**INSTRUCTIONS TO FOLLOW**. Restate the listing below word for word, omitting any images.

**DATA PROVIDED**.

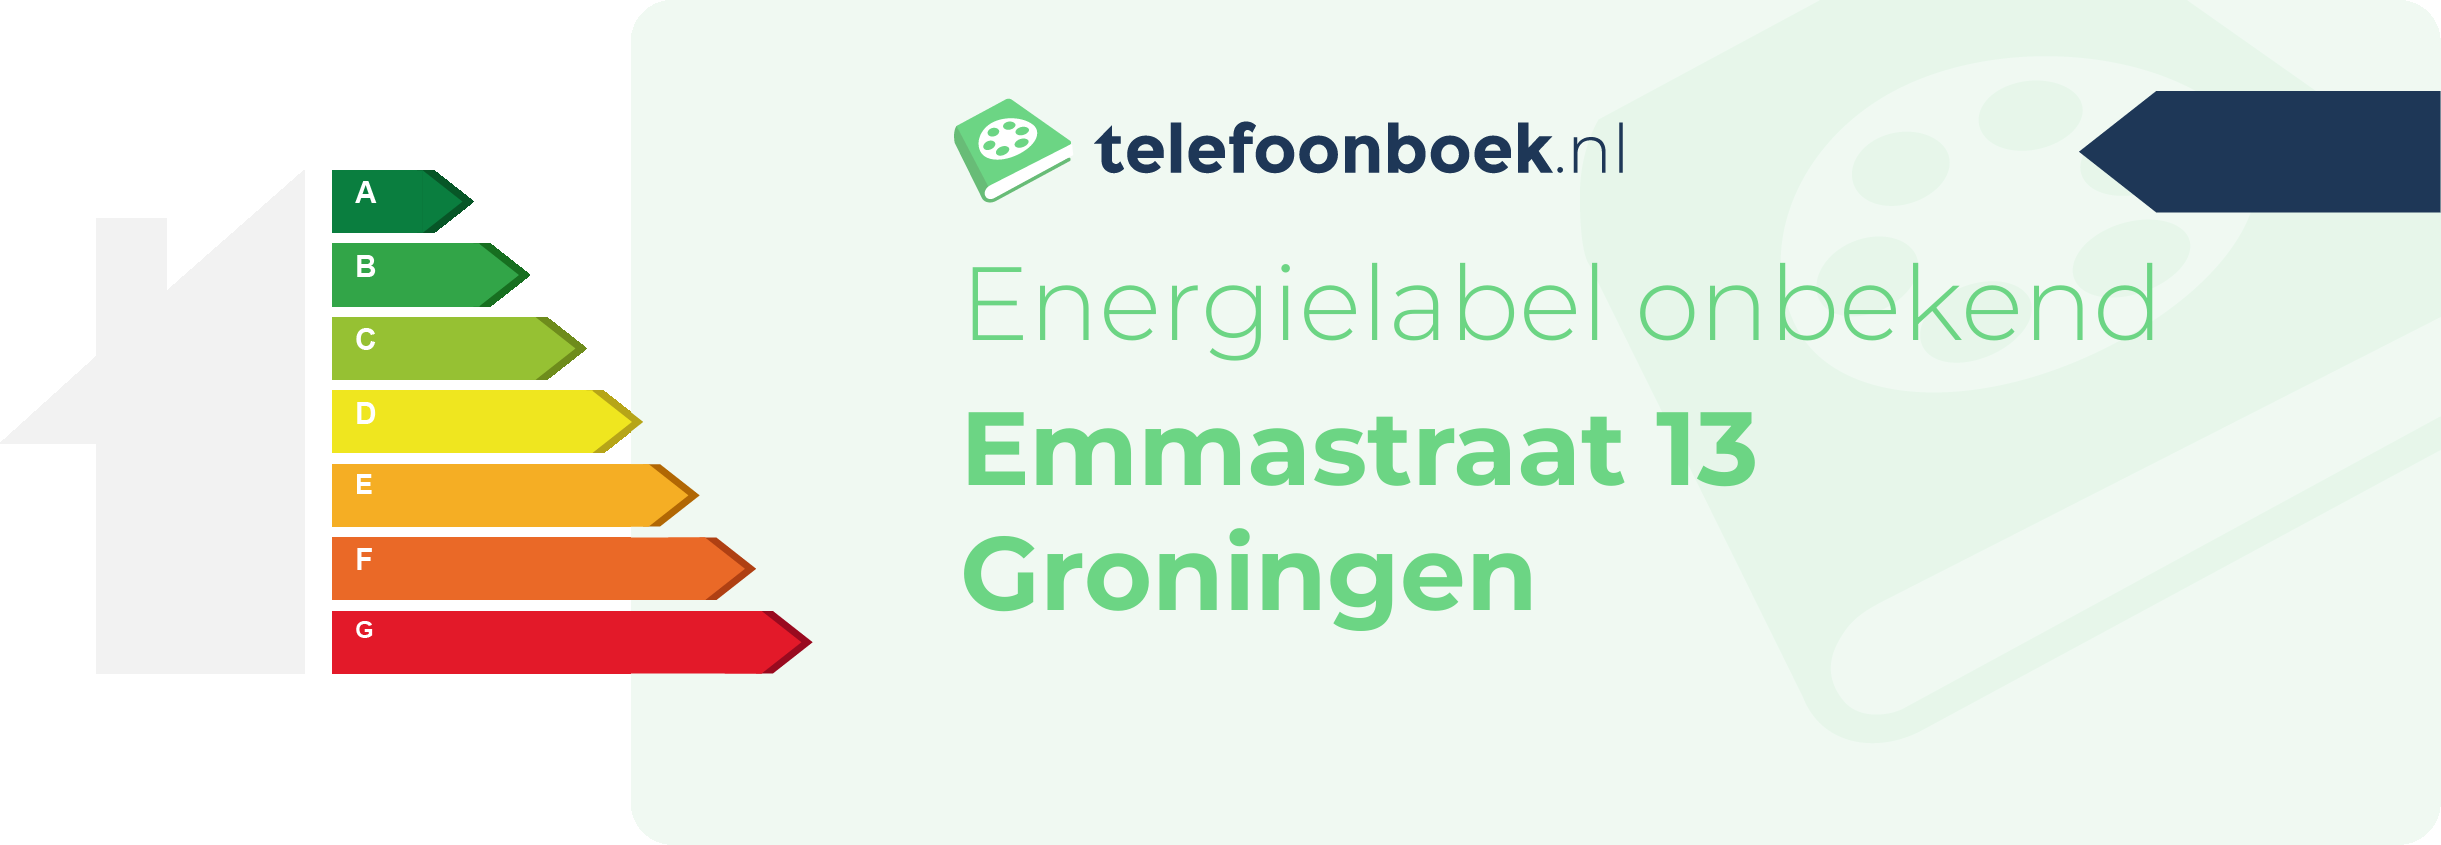 Energielabel Emmastraat 13 Groningen
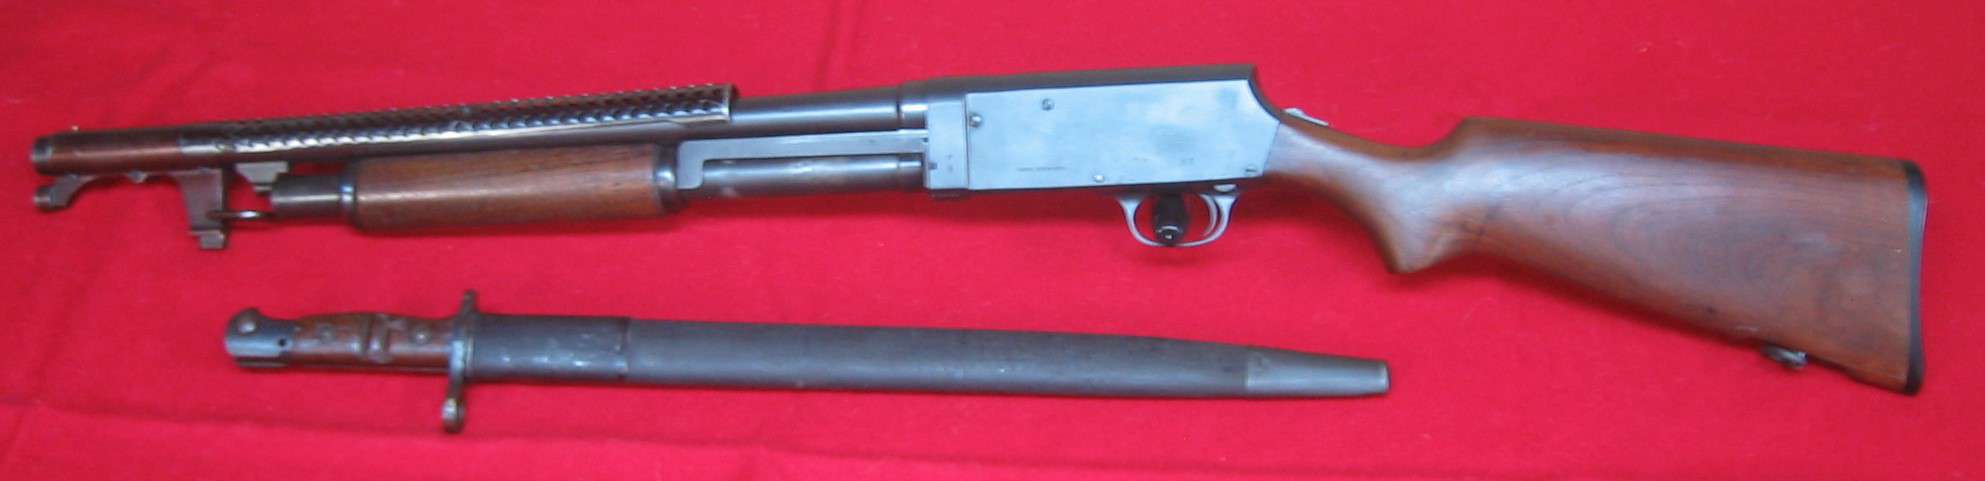 Stevens 520-30 Trench Gun by Keydet92
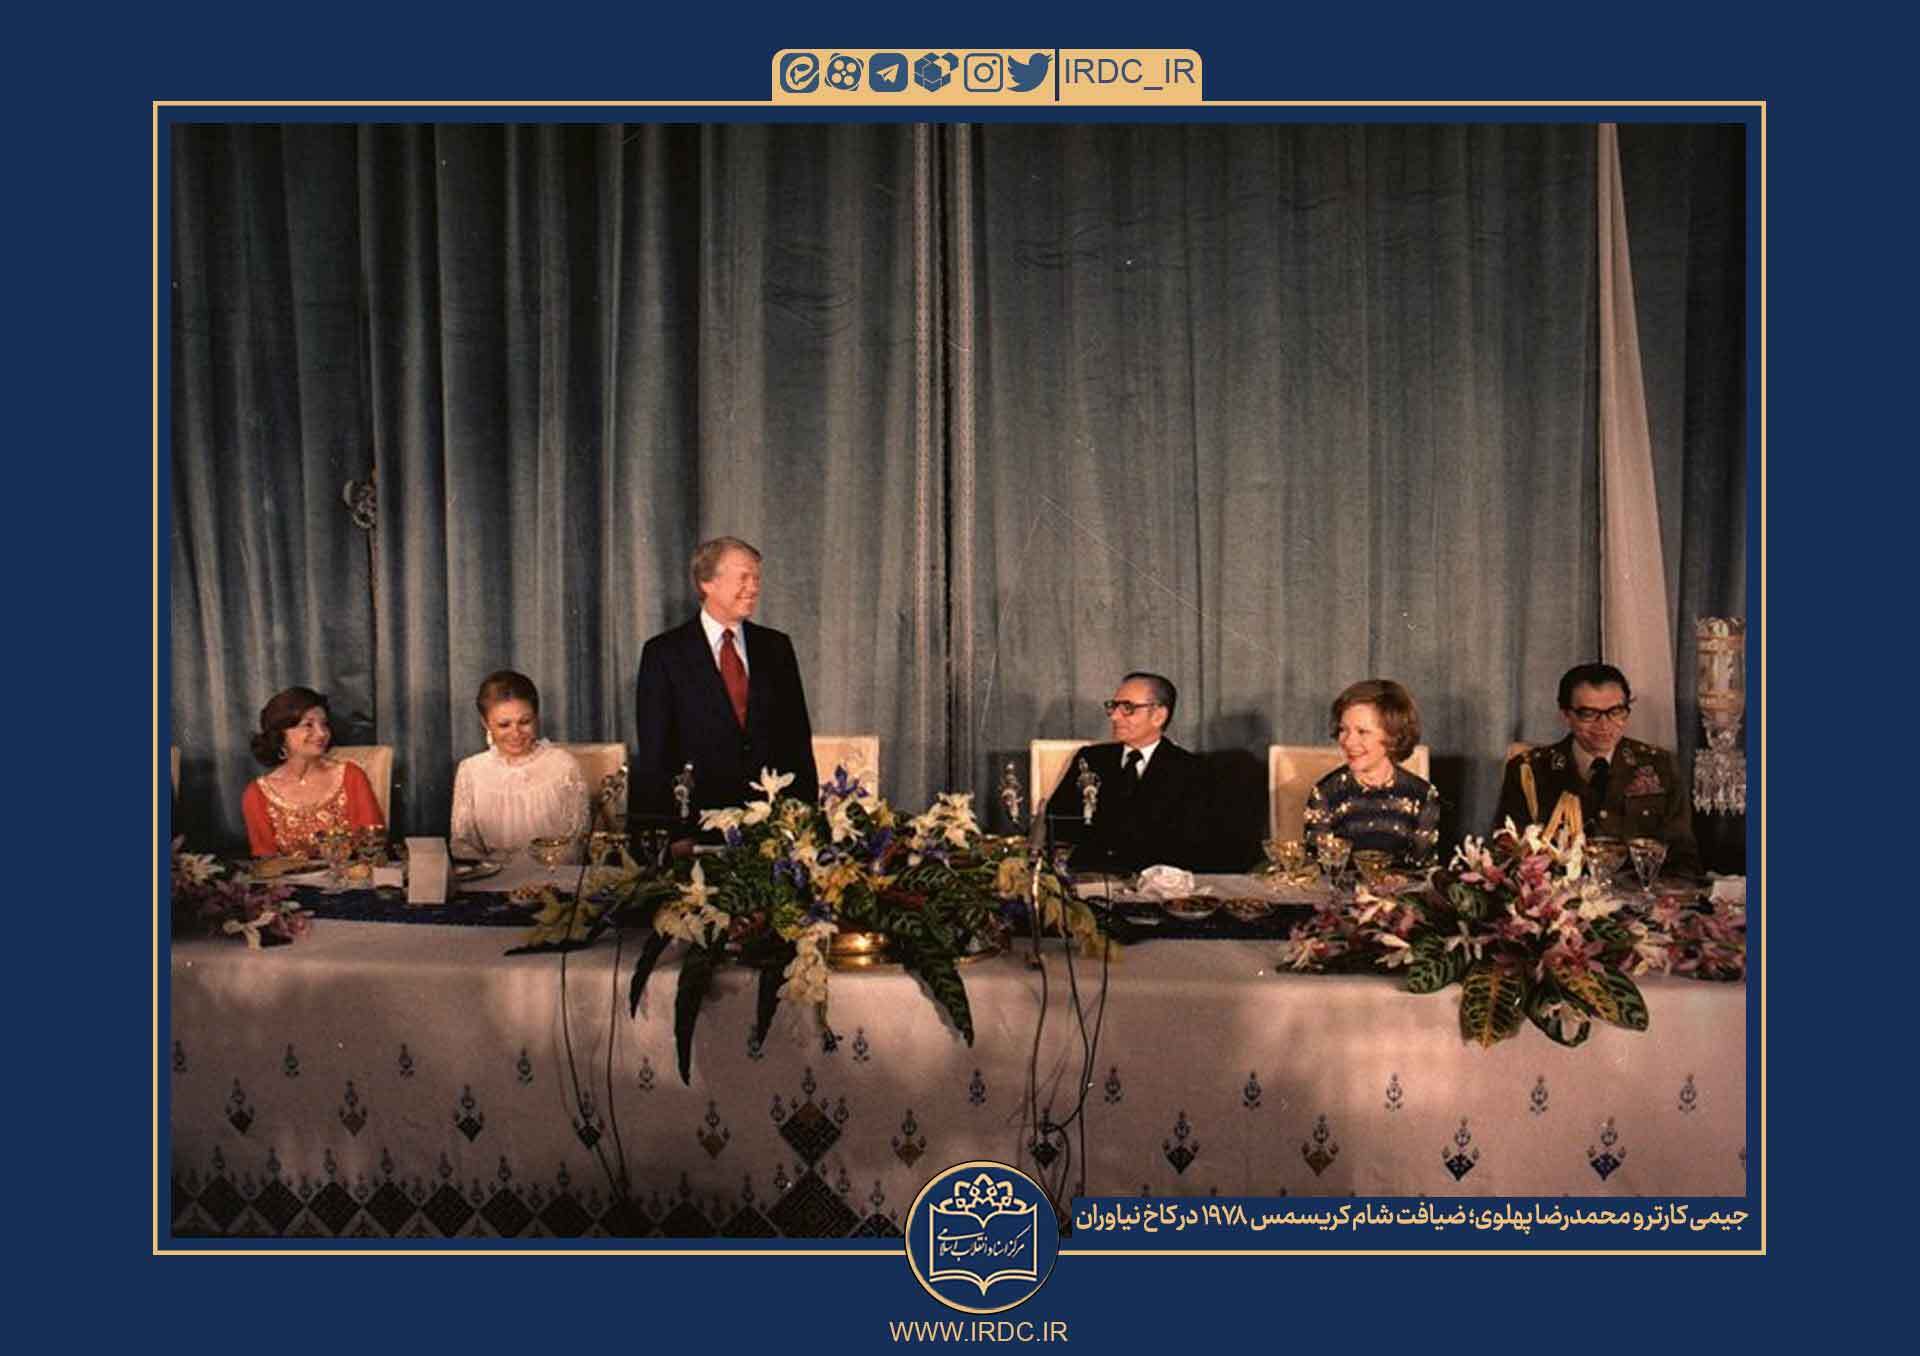 جیمی کارتر و محمدرضا پهلوی در کاخ نیاوران
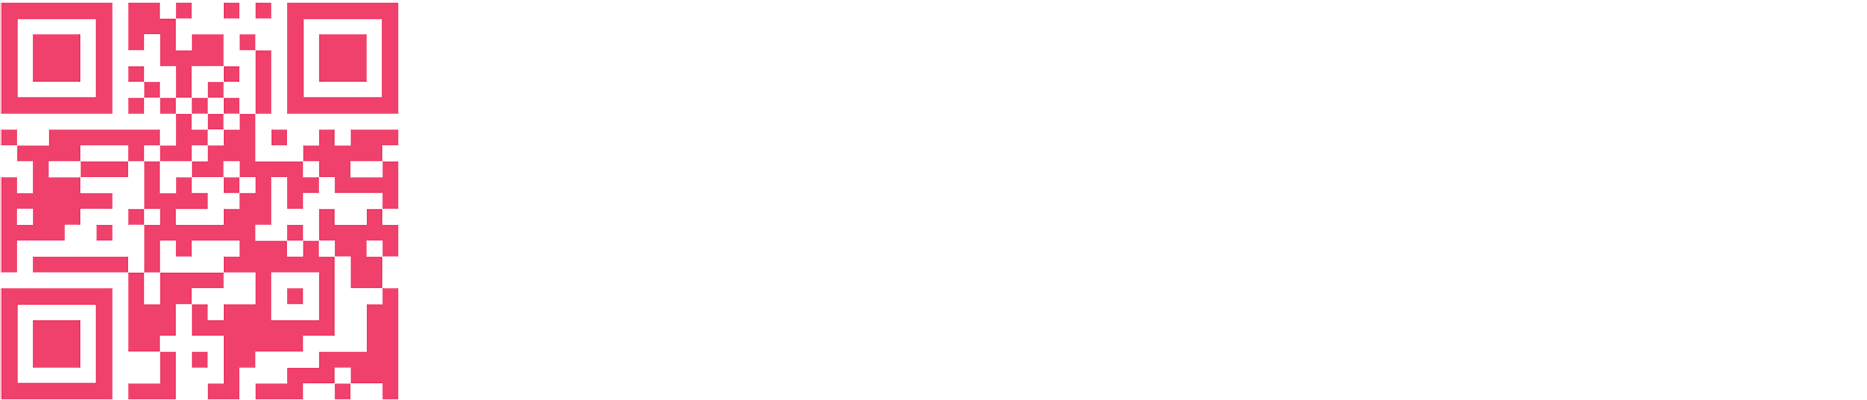 Tacta Logo

**EXERCISE RESULT**.
 Energielabel Emmastraat 13 Groningen
 Stevens 520-30 Trench Gun by Keydet92
 جیمی کارتر و محمدرضا پهلوی در کاخ نیاوران
 Tacta Logo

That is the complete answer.